Personal information
- Date of birth: 3 October 1993 (age 32)
- Place of birth: Budapest, Hungary
- Height: 1.73 m (5 ft 8 in)
- Position: Midfielder

Team information
- Current team: Mosonmagyaróvár (manager)

Senior career*
- Years: Team / Apps / (Gls)
- 0000–2012: Ferencváros / 1 / (0)
- 2012–2013: Pénzügyőr
- 2013–2014: Tatabánya / 13 / (0)
- 2014–2015: Pénzügyőr
- 2016: Haladás / 3 / (0)
- 2016–2018: Soproni VSE / 65 / (9)
- 2018: Ceglédi VSE / 4 / (0)
- 2019: Vác / 14 / (1)
- 2019–2023: Tatabánya / 86 / (36)

International career
- Kárpátalja

Managerial career
- 2022–2025: Tatabánya
- 2025–: Mosonmagyaróvár

= Gergely Gyürki =

Hungarian football manager (born 1993)

Gergely Gyürki (born 3 October 1993) is a Hungarian professional football manager and former player, who is currently the manager of Nemzeti Bajnokság III club Mosonmagyaróvár.

==Early life==

Gyürki attended the Hungarian University of Physical Education and Sports Sciences.

==Club career==

In 2014, Gyürki signed for Hungarian side Pénzügyőr, where he was regarded as an important played for the club and helped them win the league and Budapest Cup. In 2018, he signed for Hungarian side Ceglédi VSE.

==International career==

Gyürki played for the Kárpátalja football team, helping the team win the 2018 CONIFA World Football Cup.

==Style of play==

Gyürki mainly operates as a midfielder or striker and is right-footed.

==Managerial career==

Gyürki obtained a UEFA B License. In 2022, Gyürki was appointed manager of Hungarian side Tatabánya. He was regarded to have been one of the youngest managers in Hungarian professional football at the time and was regarded to have performed well with the club. On 17 February 2025, Gyürki was sacked after a 4–1 home defeat against Honvéd with Attila Dragóner, executive director.

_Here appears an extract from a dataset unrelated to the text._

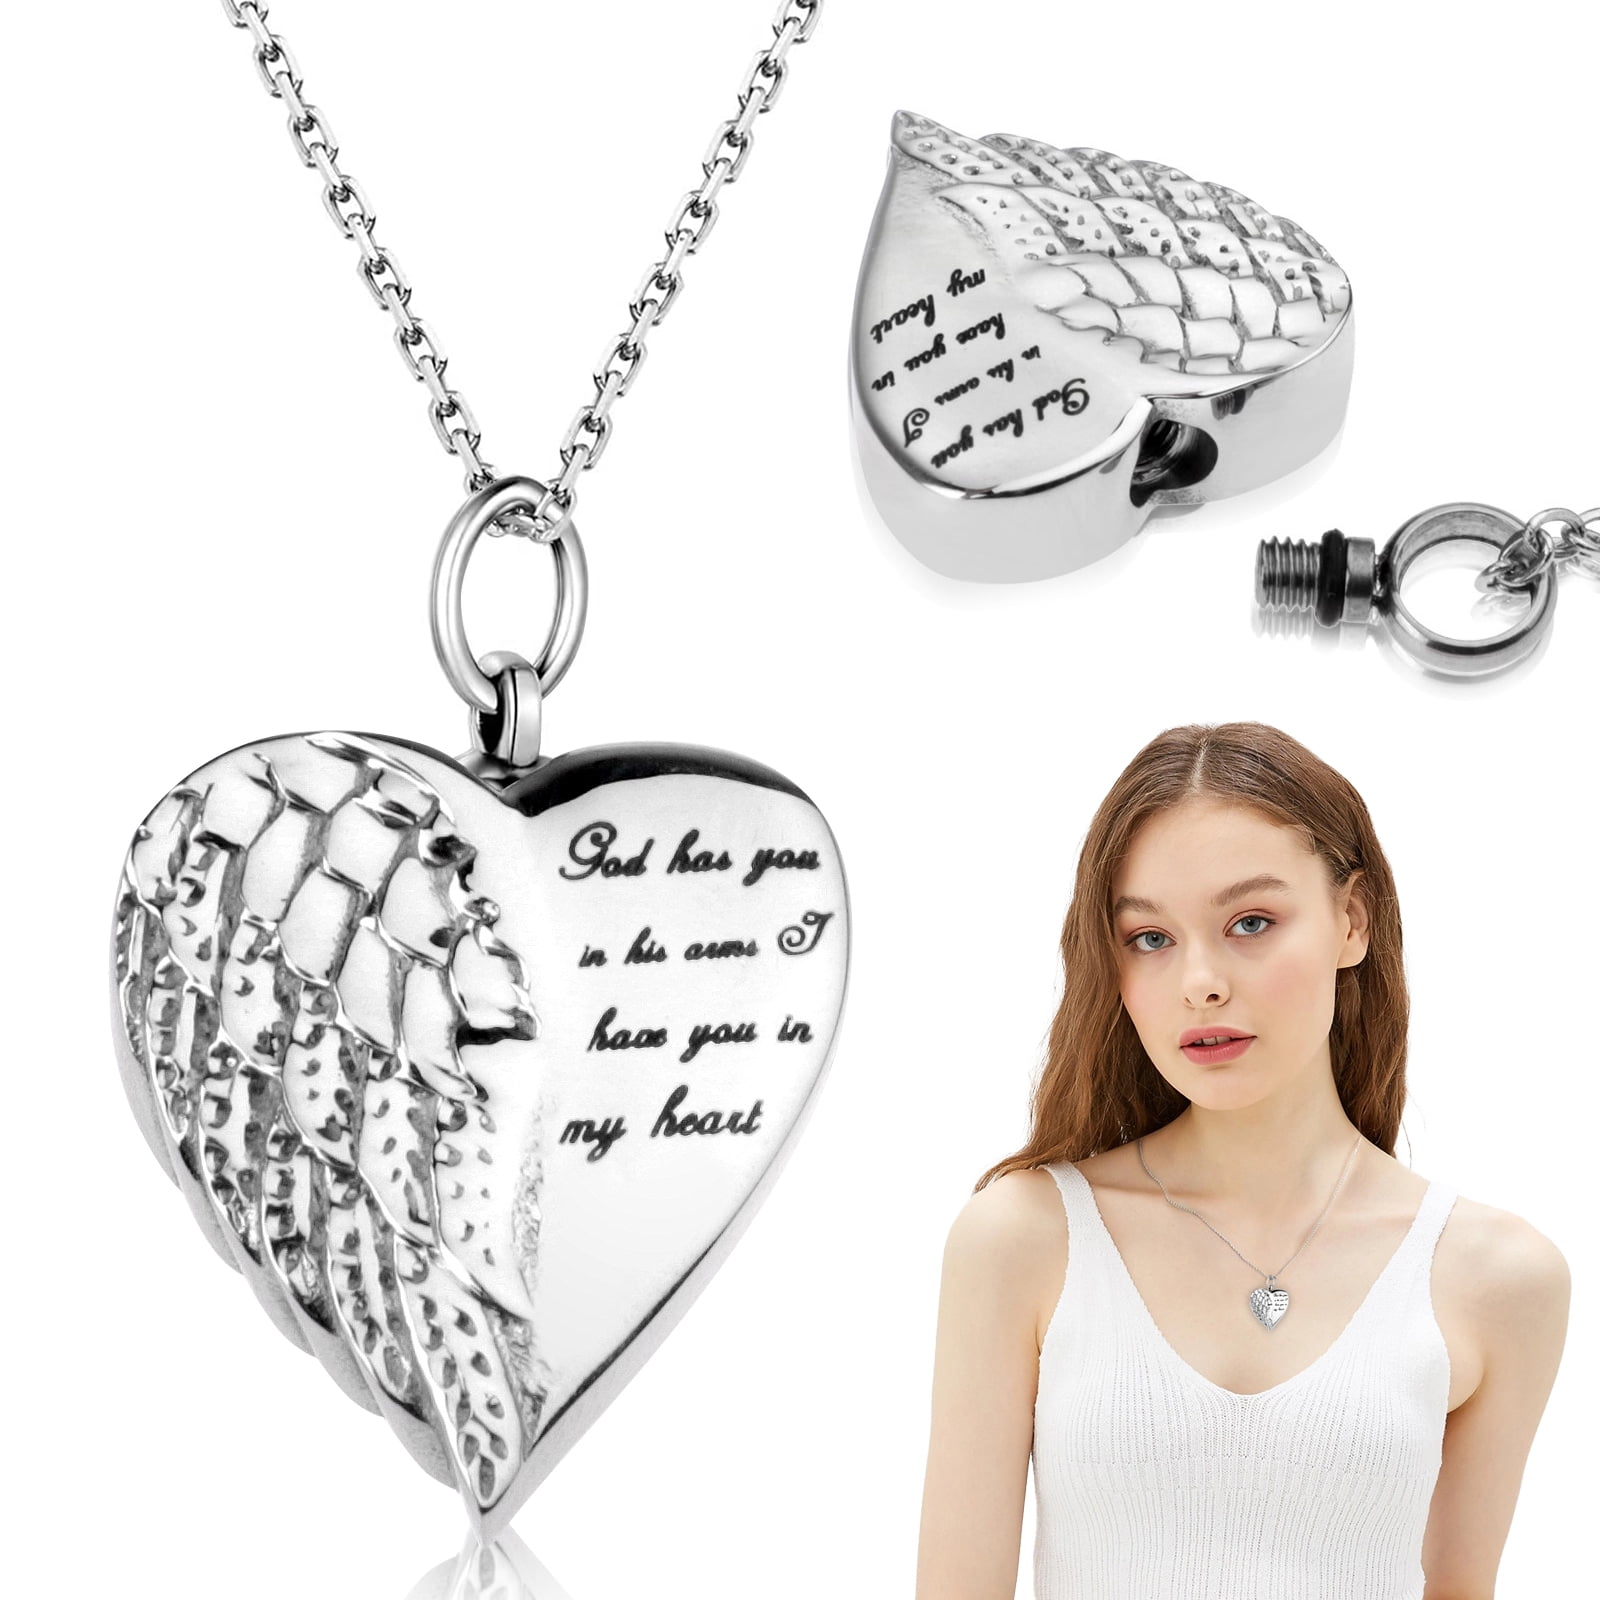 Heart Urn Necklaces Cremation Necklace Stainless Steel Necklace Ashes Jewelry Keepsake Memorial Ashes Holders Mom Dad Pet Silver fd66f1d3 6928 4b27 b235 cd559b43b122.d3e1c57b4022c7fe6a4578841bf6bdc3

On 21 June 2025, he was appointed as the manager of the promotion play-offs losing Nemzeti Bajnokság III Northwest group winning club Mosonmagyaróvár.

==Personal life==

Gyürki has enjoyed fishing as a hobby. He has been a supporter of the Hungary national football team and Portugal national football team.